Devant le ton pincé qu'il avait pris, Chloé releva les yeux.

— Georges, tu sais que...

— Ah ! Je n'ai rien dit.

À la fois amusée et attristée par son agacement, elle regarda son patron avec tendresse. Il l'avait secourue, l'avait aidée à reprendre une vie normale, lui avait offert son temps, une partie de son argent et même un travail... Entre eux s'étaient tissés des liens bien plus étroits que ceux d'une employée envers son responsable ; Georges était devenu le père qu'elle avait perdu avec sa mémoire.

— Georges, tu sais que tu es le seul et unique membre de ma famille, et ça ne changera pas une fois que...

— Ne dis pas de bêtises, s'il te plaît. Si tu retrouves ta famille, tout changera, et c'est normal. C'est dans l'ordre des choses.

À regret, elle admit qu'il avait raison.

— Je ne peux pas t'en empêcher... mais viens encore me voir de temps en temps, quand ce sera fait.

— Je compte encore travailler ici, tu sais ?

Il pouffa de rire, puis reprit son stylo.

— On verra bien.

Son attitude la blessait, mais elle le comprenait. Georges avait divorcé des années plus tôt, et n'avait conservé que de froides et houleuses relations avec son ex-femme et leur fille, qui semblait s'être alliée à sa mère. Chloé, pour sa part, avait oublié jusqu'à l'existence même de parents. Leur rencontre les avait tous les deux aidés à surmonter ces épreuves et ils s'étaient naturellement rapprochés l'un de l'autre. Elle avait toujours refusé de risquer sa nouvelle vie au profit d'une autre sans doute plus violente mais à présent, Chloé ne pouvait plus rester dans l'ignorance. Tous ces trous, ces vides dans sa mémoire devaient être comblés, et ce malgré l'angoisse sourde qui lui tordait l'estomac. Elle n'avait que les souvenirs de Georges et ses obscures réminiscences pour seuls indices. Non seulement la tâche ne serait pas aisée mais elle risquait d'être dangereuse. S'était-il agi d'une fois, brève et isolée, ou sa vie n'avait-elle été que tourments ? Y songer lui provoquait des sueurs froides, tant son intuition penchait vers la seconde option.

Pourtant, elle voulait revoir Nicolas.

Georges réarrangea ses papiers devant lui, et elle comprit qu'il n'avait plus rien à lui dire. Aussitôt elle se leva, contourna le bureau et déposa un baiser sur sa joue. Surpris, il la dévisagea.

— Qu'est-ce qui te prend ?

— Je ne compte pas t'abandonner le jour où je retrouverai ma famille.
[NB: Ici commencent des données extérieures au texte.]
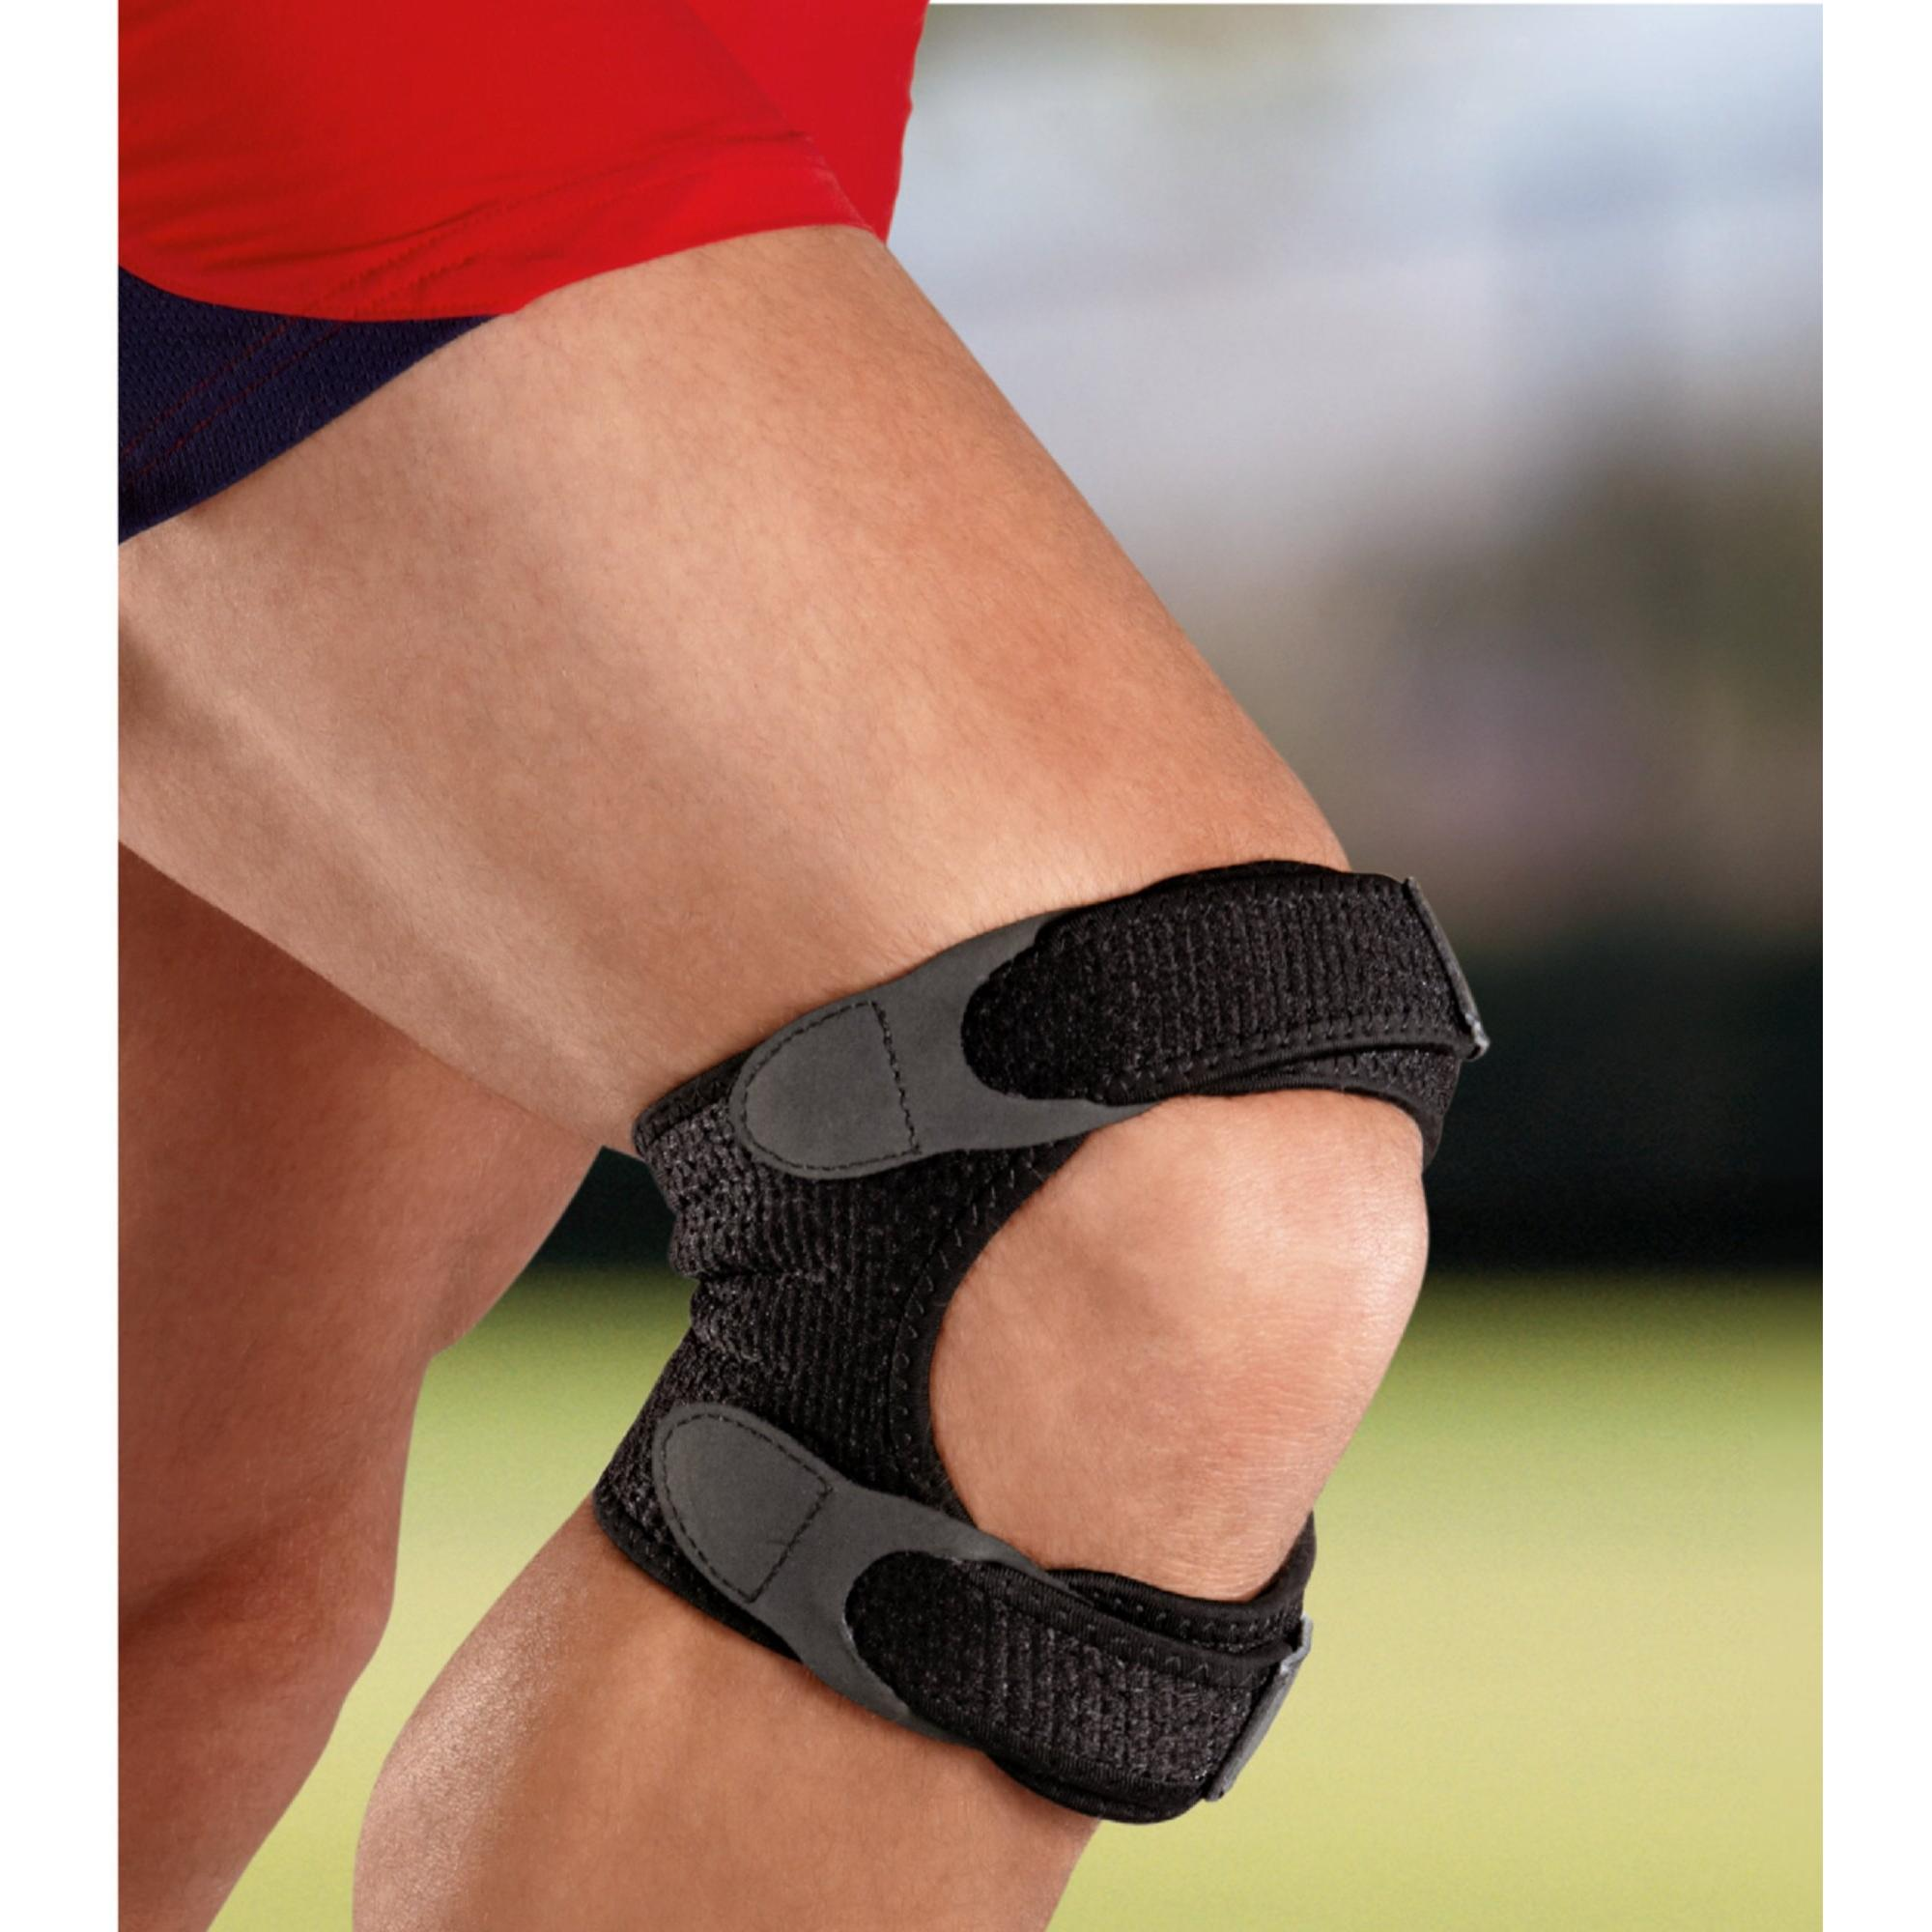 c0756f9825 ACE Brand Dual Knee Strap, Adjustable, Black, 1/Pack - Walmart.com

Je ne peux pas oublier tout ce que tu as fait pour moi, quoi que tu en dises.

Après une seconde de stupeur, il se mit à rire.

— Je sais que tu ne le feras pas sciemment.

— Ne crois pas te débarrasser de moi aussi facilement, rétorqua-t-elle, malicieuse.

Il lui accorda un sourire, mais elle devinait sans peine son scepticisme.

— Et sinon, comment s'en sort Jérôme ?

— Bien mieux que je ne pensais, avoua-t-elle.

Elle jeta un regard à la pendule. L'heure de l'entracte arrivait et elle devait s'assurer qu'un peu de musique comblerait ces moments de pause. Un verre attendrait le nouveau prodige du P'tit Clarme dans la loge où il se reposait, loin de l'agitation de la salle.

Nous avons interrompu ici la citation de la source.